USD decreased late on Wednesday after the Federal Reserve increased the interest rate by 75 basis points. Fed policymakers stated that future rate hikes, which are aimed at decreasing galloping inflation, could be smaller than the previous ones.
Analysts noted that the market regarded this statement as quite dovish. Investors assumed that the regulator will slow down the pace of rate hikes in the current situation. Many analysts believe that the Fed would increase the rate by only 50 bps in December.

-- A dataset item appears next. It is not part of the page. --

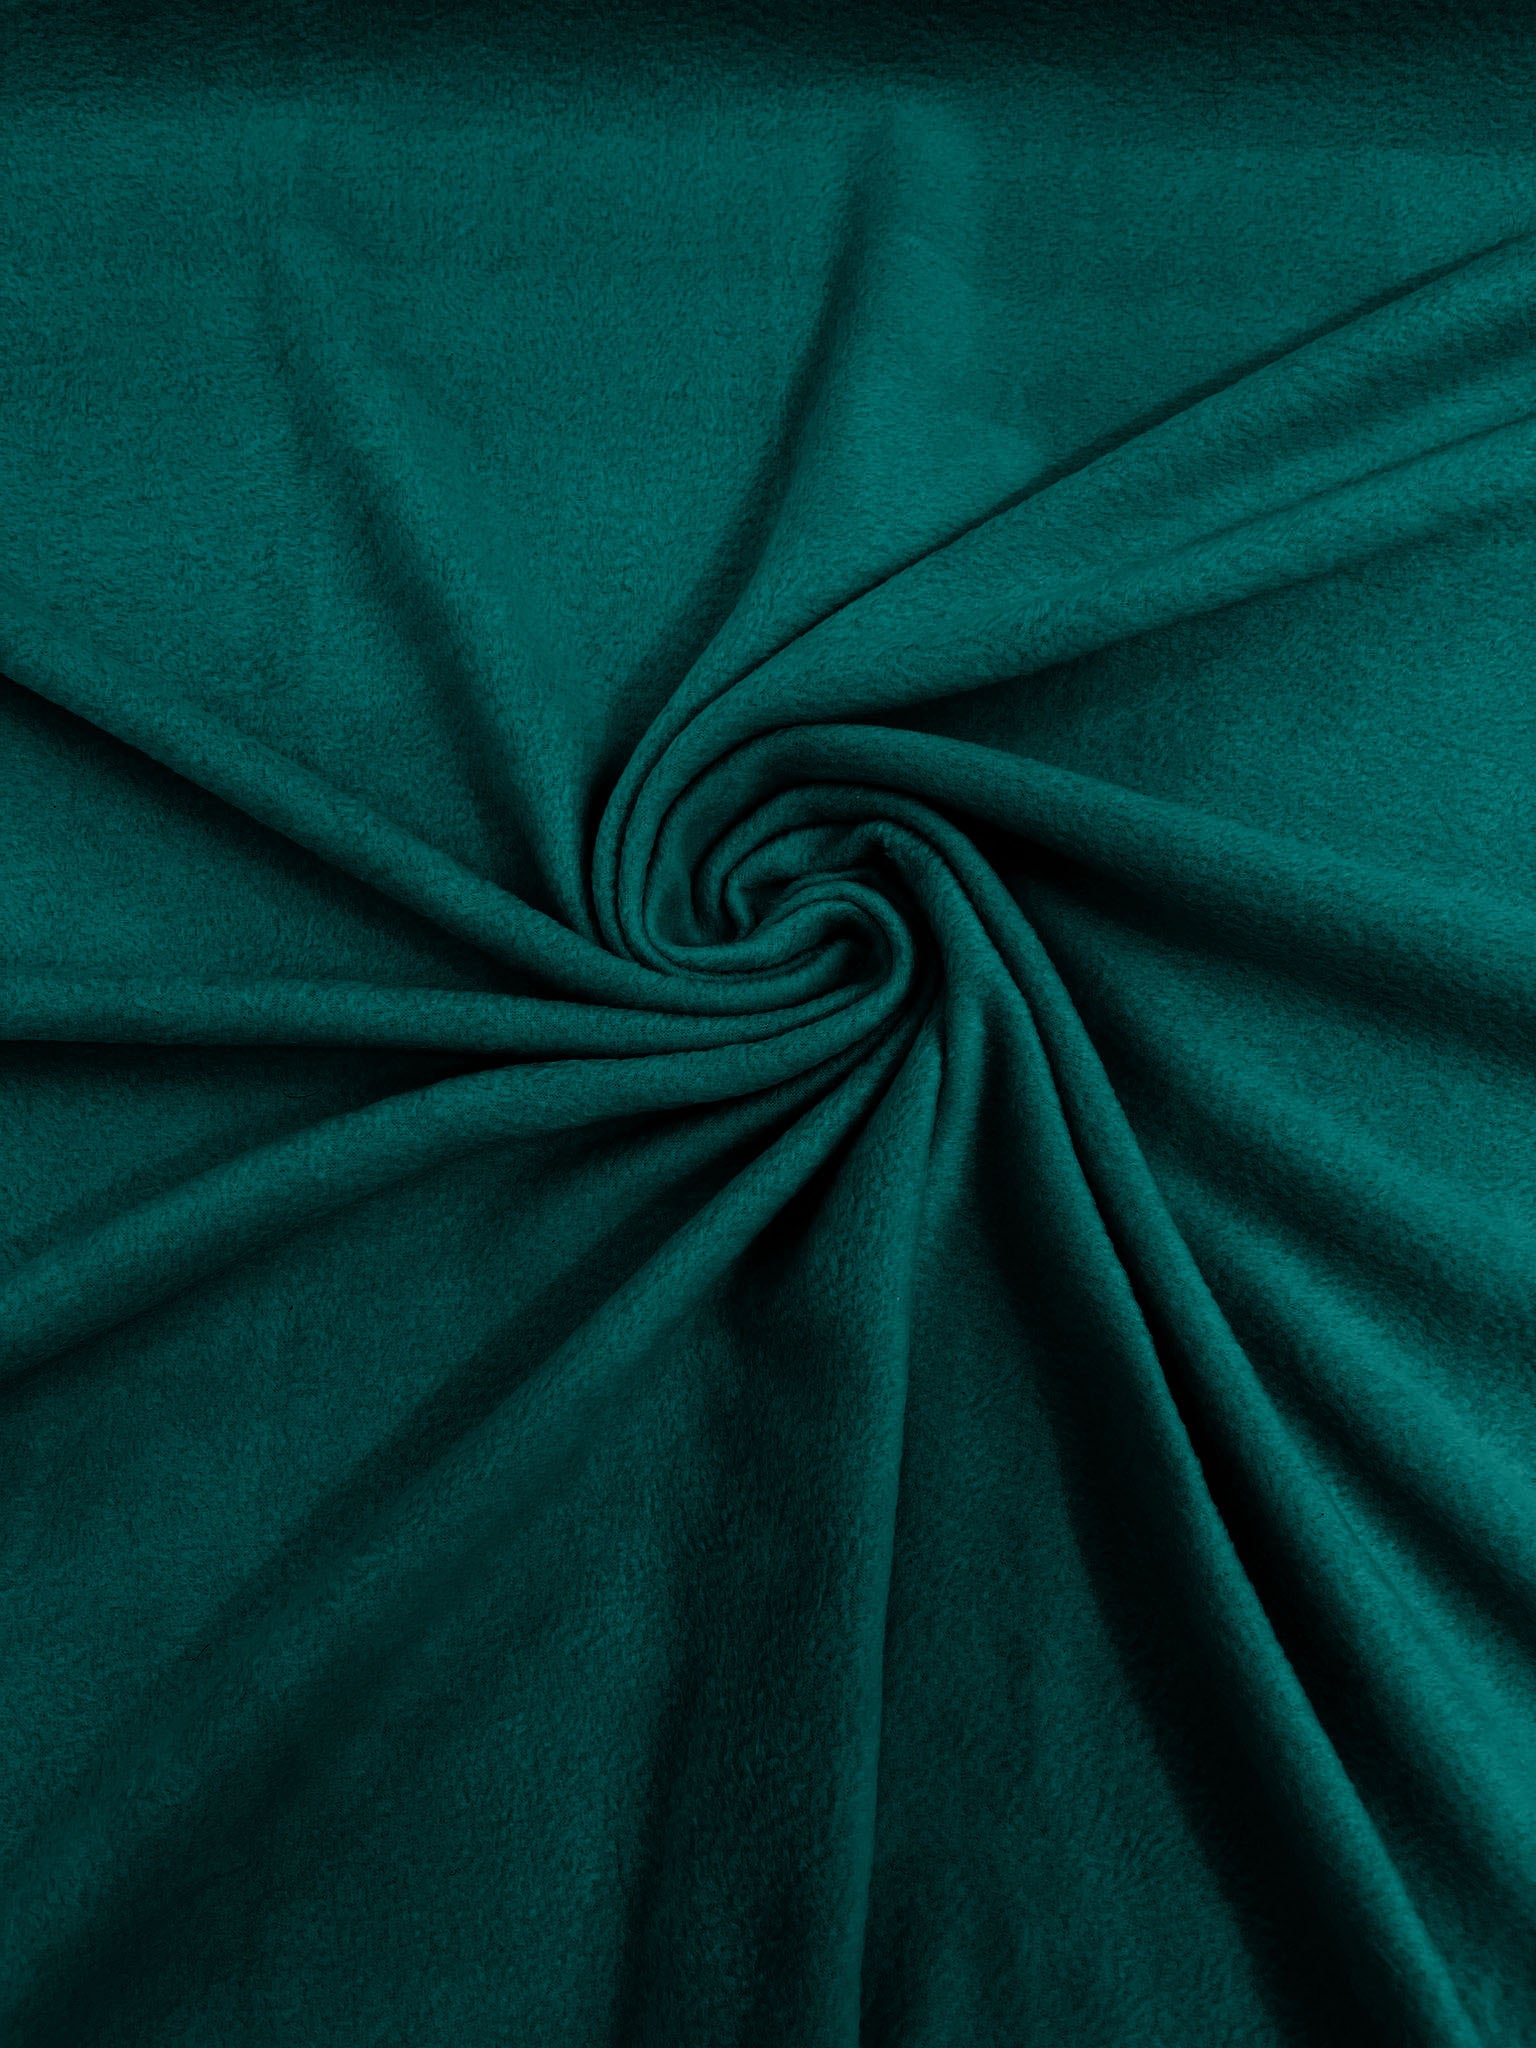 Teal Solid Polar Fleece Fabric Anti-Pill 58" Wide Sold by The Yard

While some market players expected the Fed to slow down monetary tightening significantly, these expectations were dispelled by Fed chairman Jerome Powell. At the press conference following the meeting he said that the Federal Reserve does not plan to slow down the pace of rate hikes. "It is very premature to be thinking about pausing," Powell added. The Fed chairman said the regulator will present a new summary of interest rate trajectory projections.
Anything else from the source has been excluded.